A similar trend shown in the cross-sectional analysis also emerged from longitudinal-like evaluations of the association between Lp-PLA2 activity levels and the progression to dementia in MCI patients. This category of patient is of paramount importance in clinical investigations of dementia. Individuals with MCI are more likely to progress to dementia (15% per year), as compared with non-amnestic forms [43]. For this reason, MCI still represents the main target population for pharmacological trials on AD. Our results are novel and intriguing; indeed, they suggest that an alteration in Lp-PLA2 may precede the development of VAD. However, we are aware that our findings should be corroborated by studies on a larger sample, with sequential measurements of Lp-PLA2 at different time points.

A further interesting result of the present investigation was the sexual dimorphism of Lp-PLA2. A similar increase in men compared with women was reported by a number of other large population-based studies [25,44,45]. Of note, to the best of our knowledge, only one of these studies (Dallas Heart Study, n = 3332), Ref. [25], adjusted the analysis for both LDL-C and HDL-C levels. This is important since these two parameters (which we included as covariates) have a strong association with Lp-PLA2 levels. The possible explanation of this observed phenomenon is the down-regulatory effect of estrogens on Lp-PLA2 expression [46].

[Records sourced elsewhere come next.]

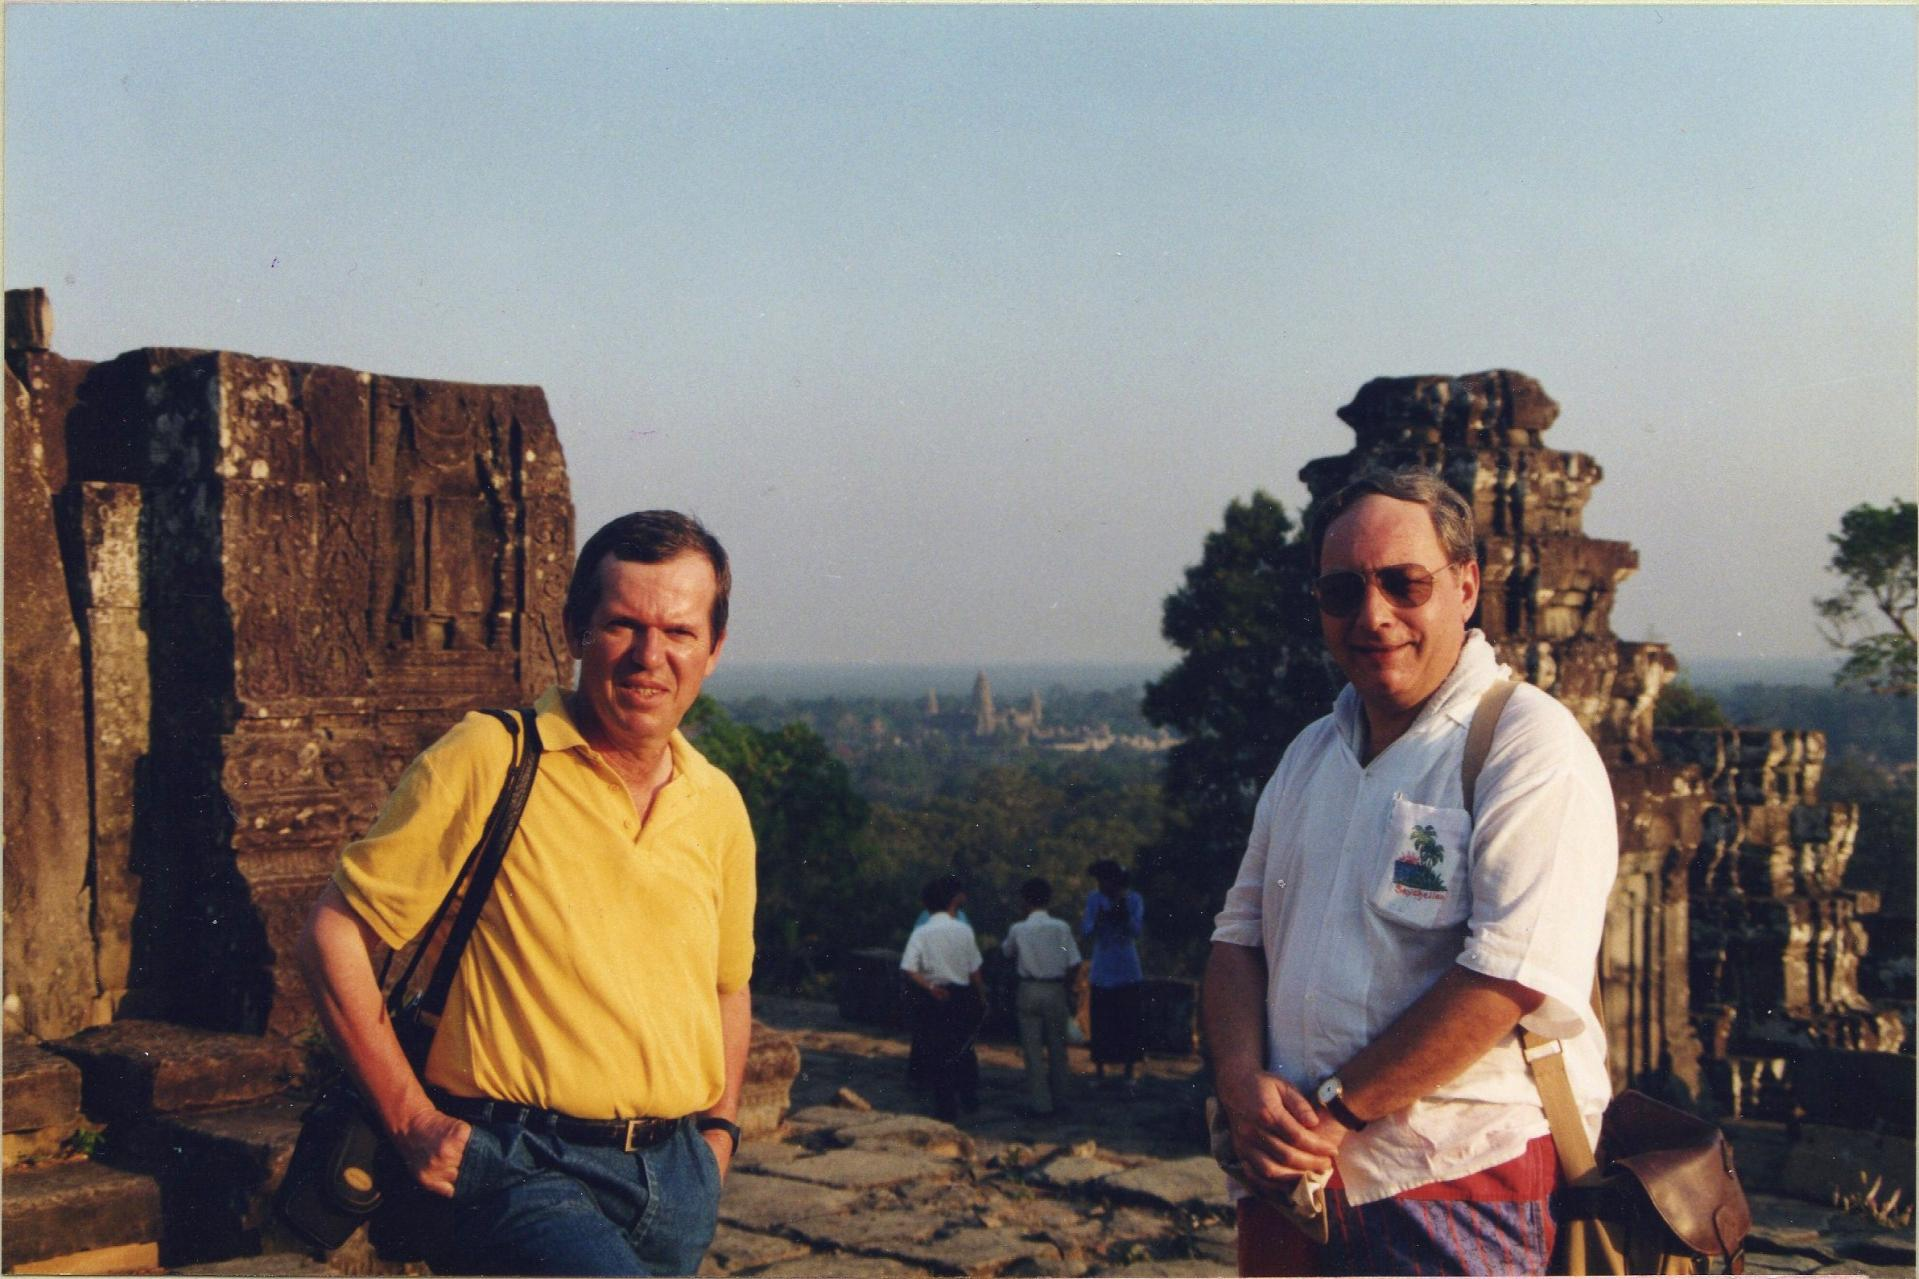 Angkor gallin et moinet fevrier 1996
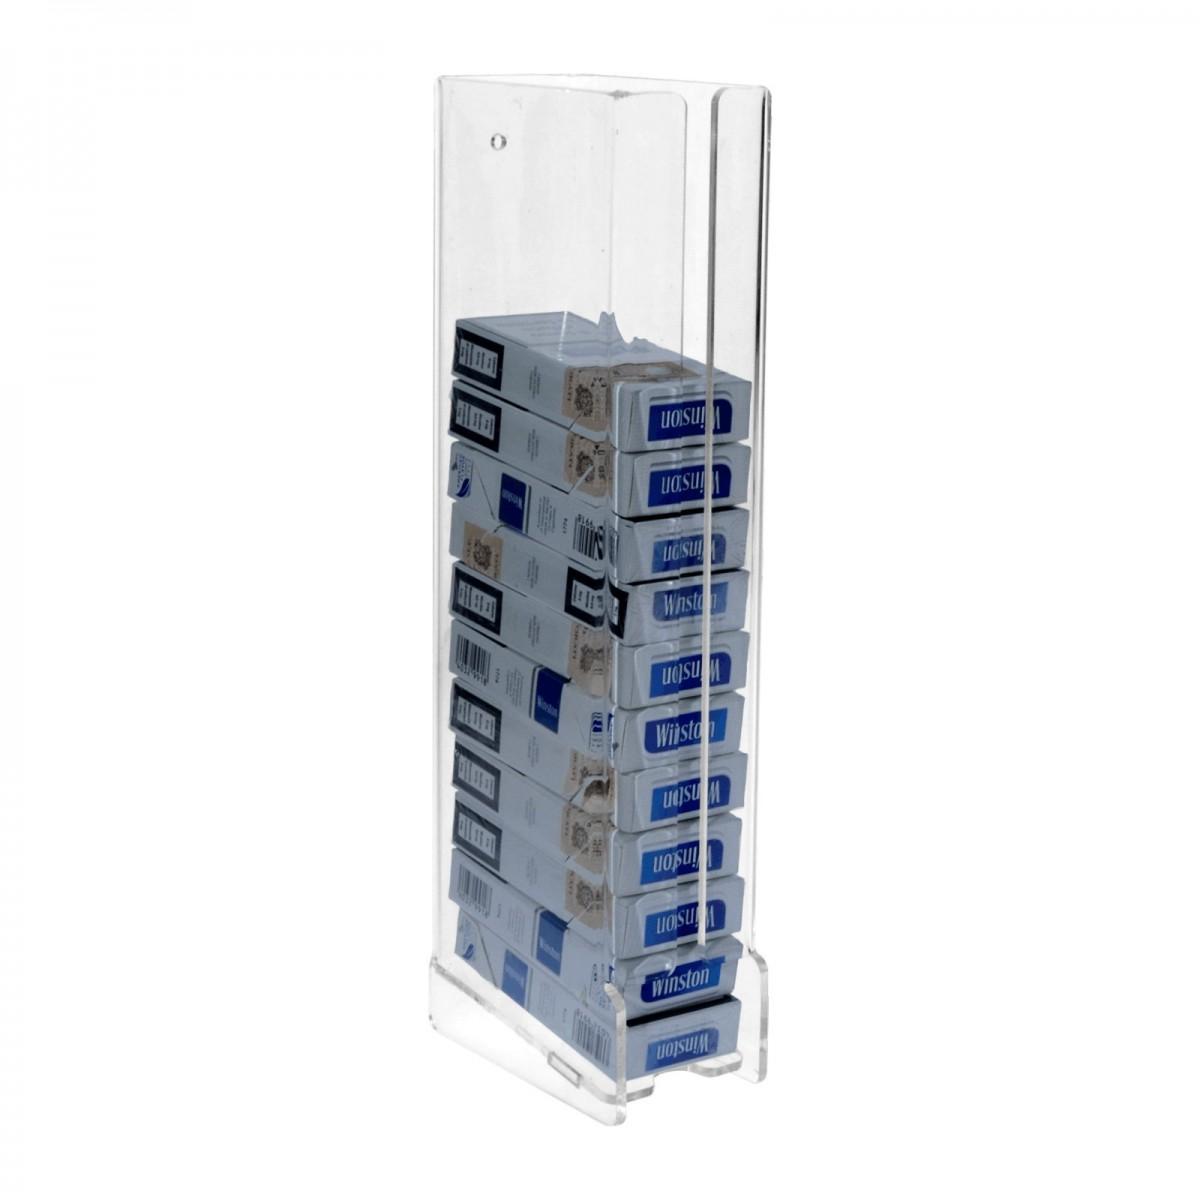 E-232 - Espositore porta sigarette da parete in plexiglass trasparente per sigarette da 20
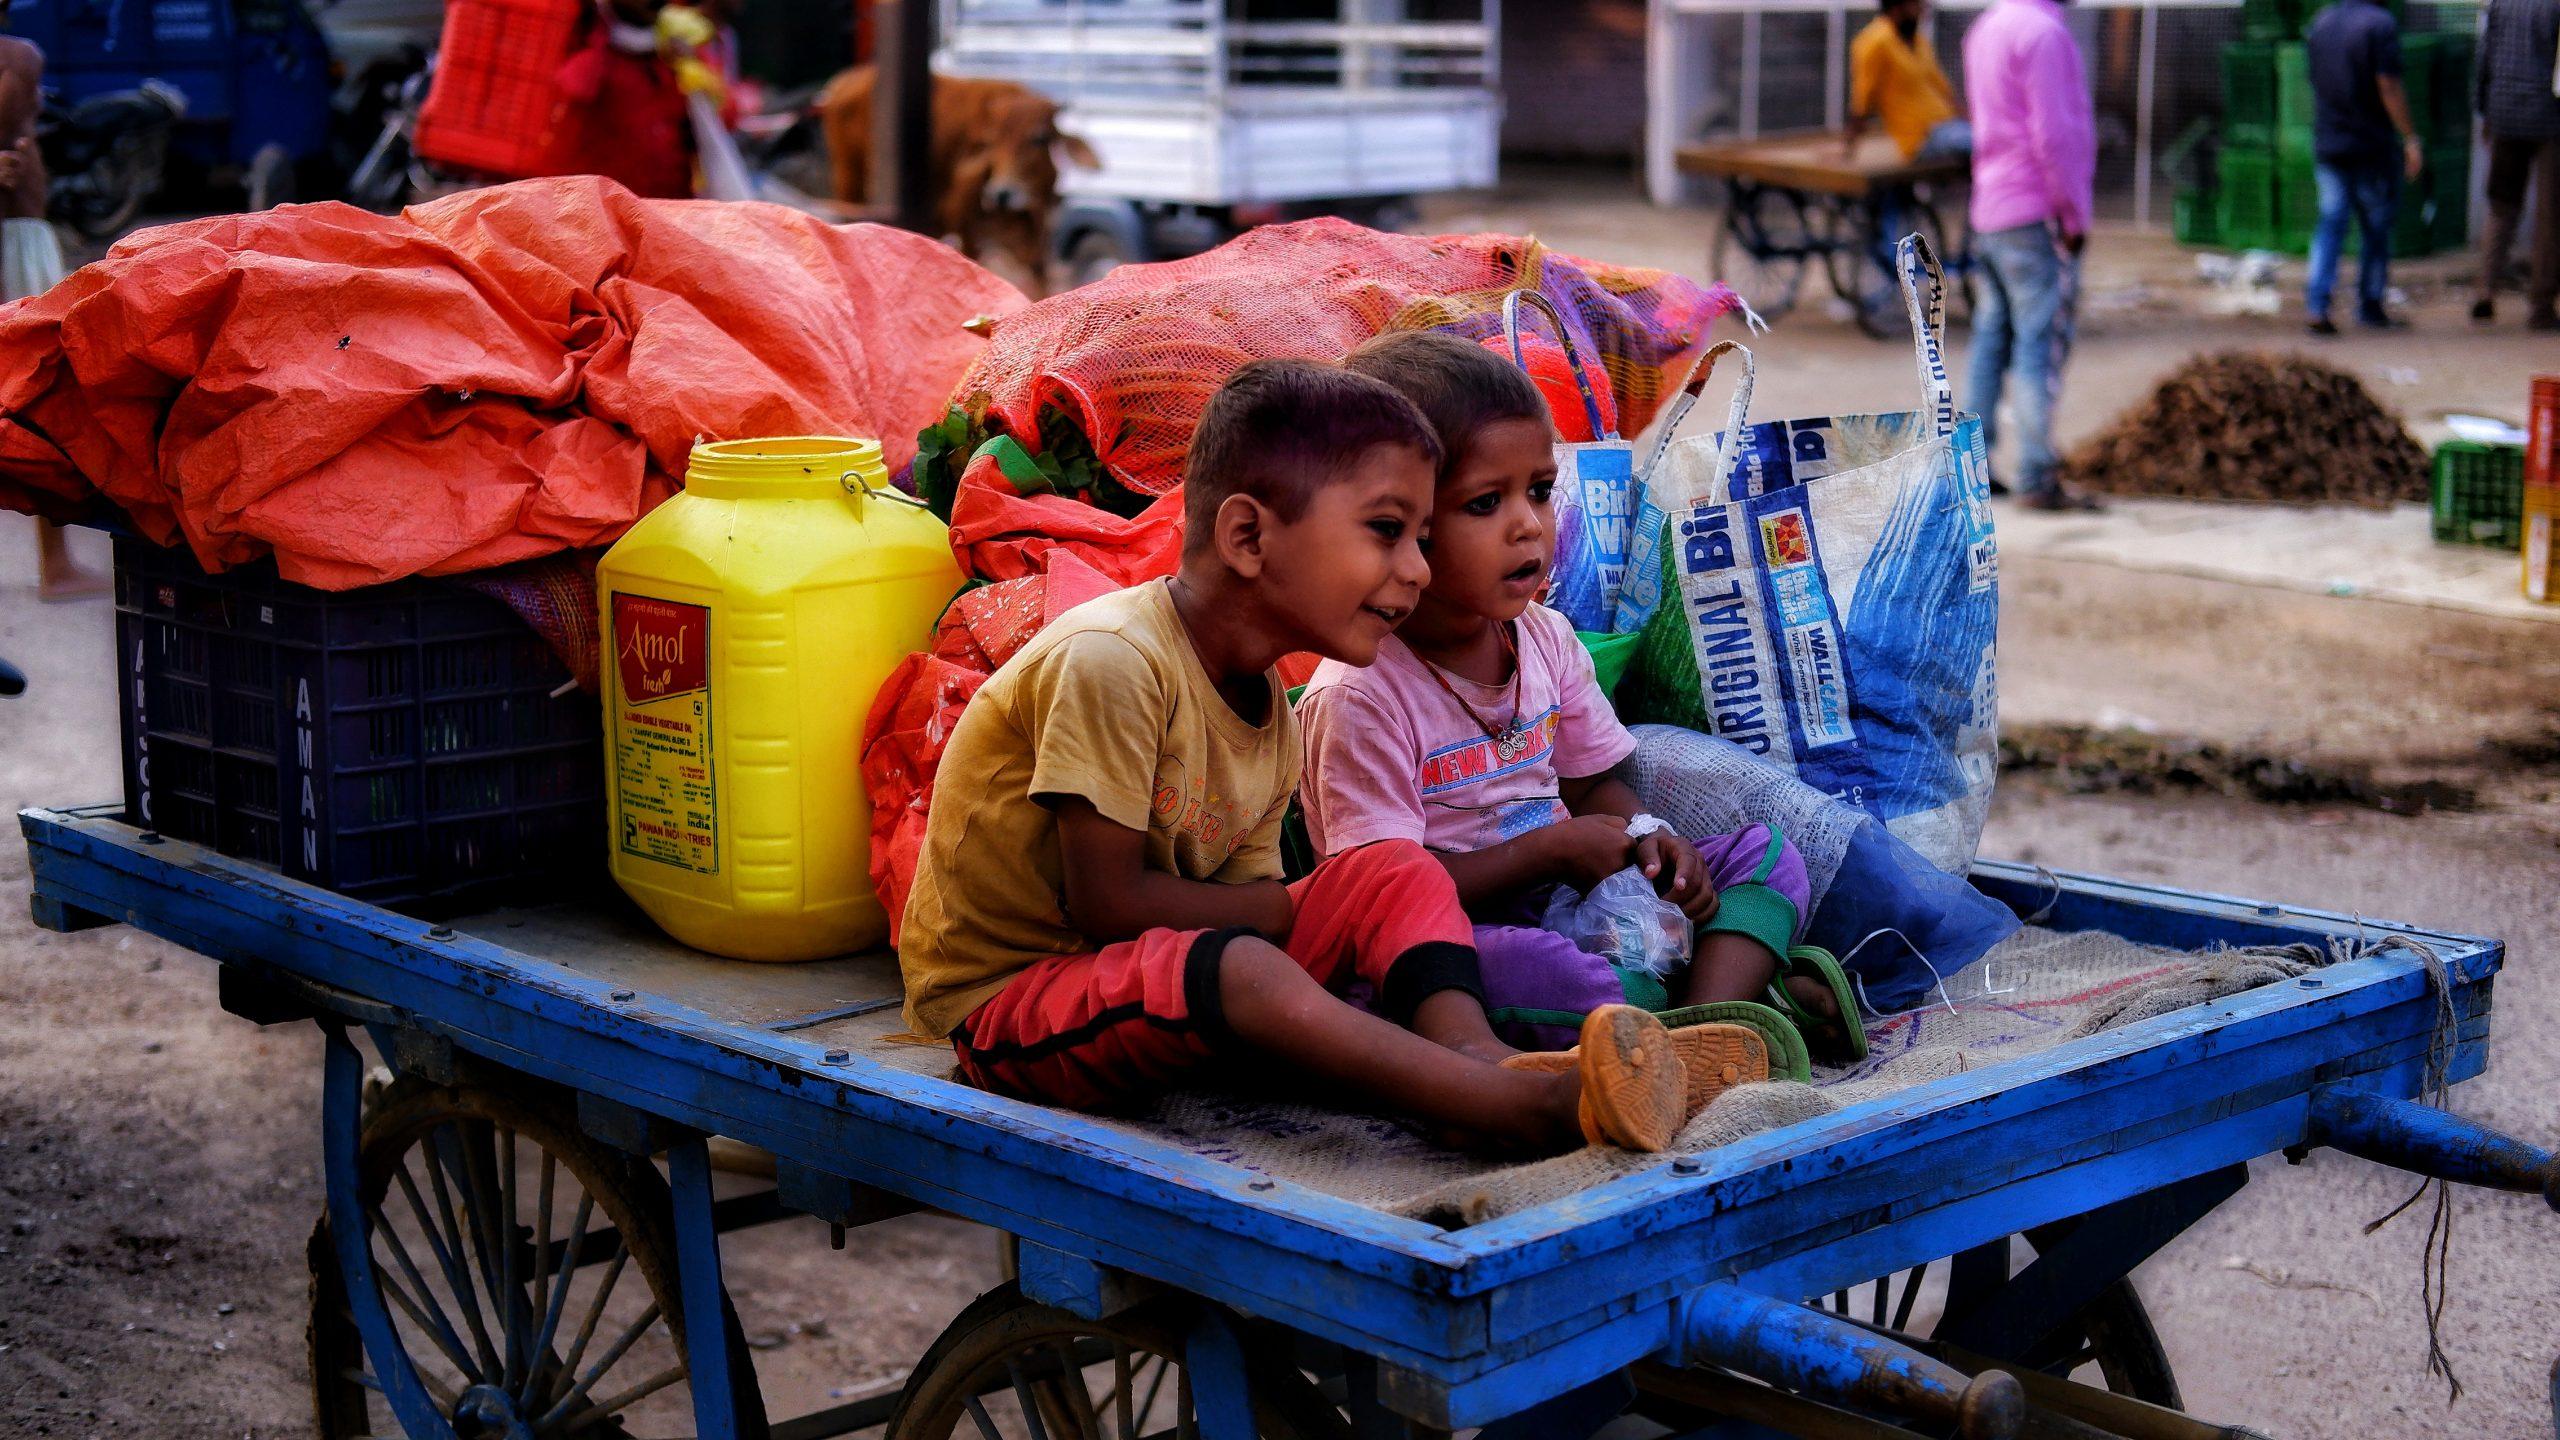 Little kids on a cart
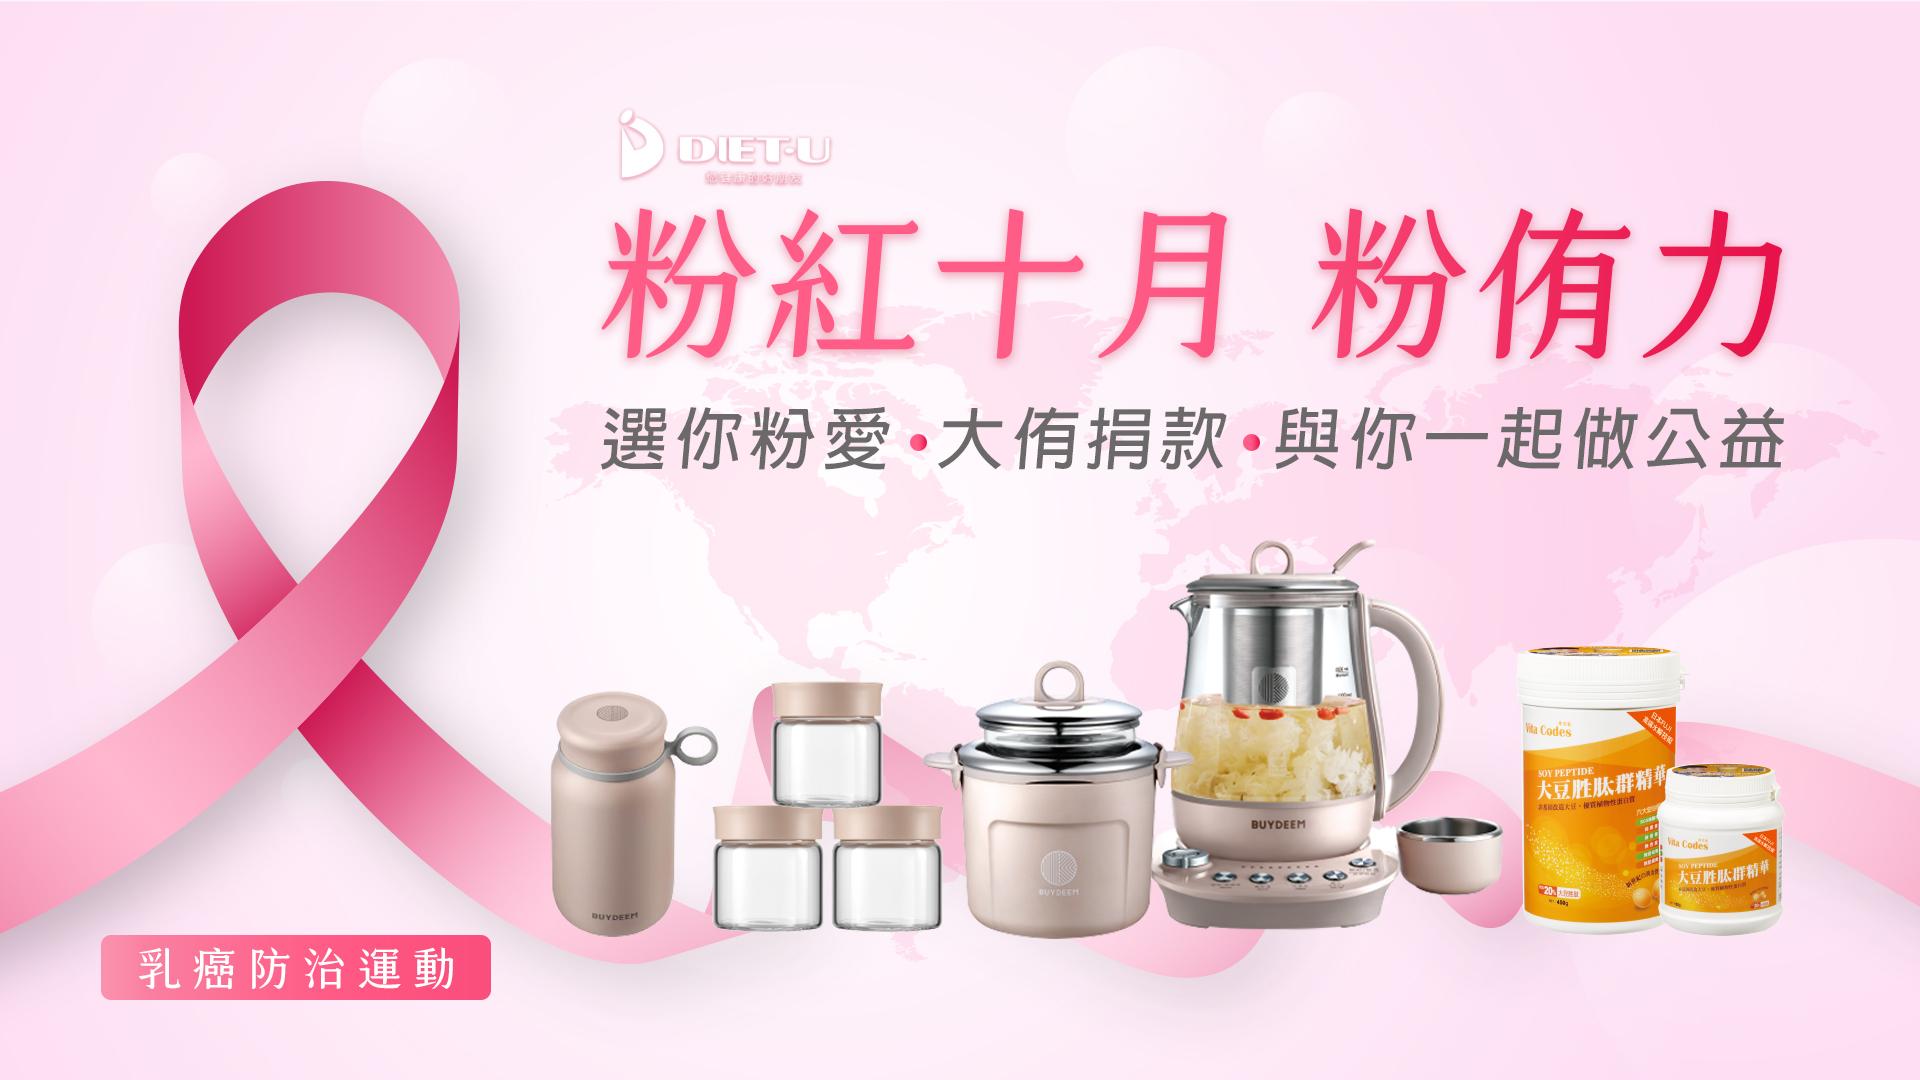 乳癌預防-粉紅十月粉侑力-公益-捐款

Finally, we would wish to underline other important limitations of this study. The main caveat of the study is the lack of CSF biomarkers assessment; thus, the misclassification of some patients cannot be ruled out. The unavailability of CSF inevitably affects the clinical relevance of our findings. However, these biomarkers are employed for the diagnostic confirmation of AD, not VAD (i.e., the only form of dementia that we found to be associated with a change in Lp-PLA2). It should be noted that the NINDS-AIREN criteria (which state that evidence of vascular disease on magnetic resonance imaging for the brain is mandatory) for probable VAD have a low sensitivity (about 20–60%) but a high specificity (about 90–99%) as reported by clinical and neuropathological studies [23,47,48]. Thus, while we might have a non-negligible number of false negatives (i.e., individuals with VAD included in other dementia groups), the number of false positives would be very low. In this regard, it appears unlikely that the finding of an elevated serum Lp-PLA2 in VAD is unreliable due to the lack of CSF biomarker confirmation. Second, we cannot exclude that biases or unmeasured confounding factors (primarily obesity) might also influence the development of the forms of dementia considered in the study. However, we took into account a number of potential confounders, and the observed increase in Lp-PLA2 activity was independent of those factors. Finally, due to the reported association between pro-inflammatory cytokines and VAD [49], their assessment could add valuable data, other than potential covariates to include in the multivariate analysis.

5. Conclusions

We found that serum Lp-PLA2 activity increases in VAD. We also showed that this biomarker is able to discriminate this form of dementia from LOAD. This is an important novel finding because there are still no available fluid biomarkers to use for a differential diagnosis between VAD and LOAD. Further larger studies employing validated CSF biomarkers are warranted to confirm these findings.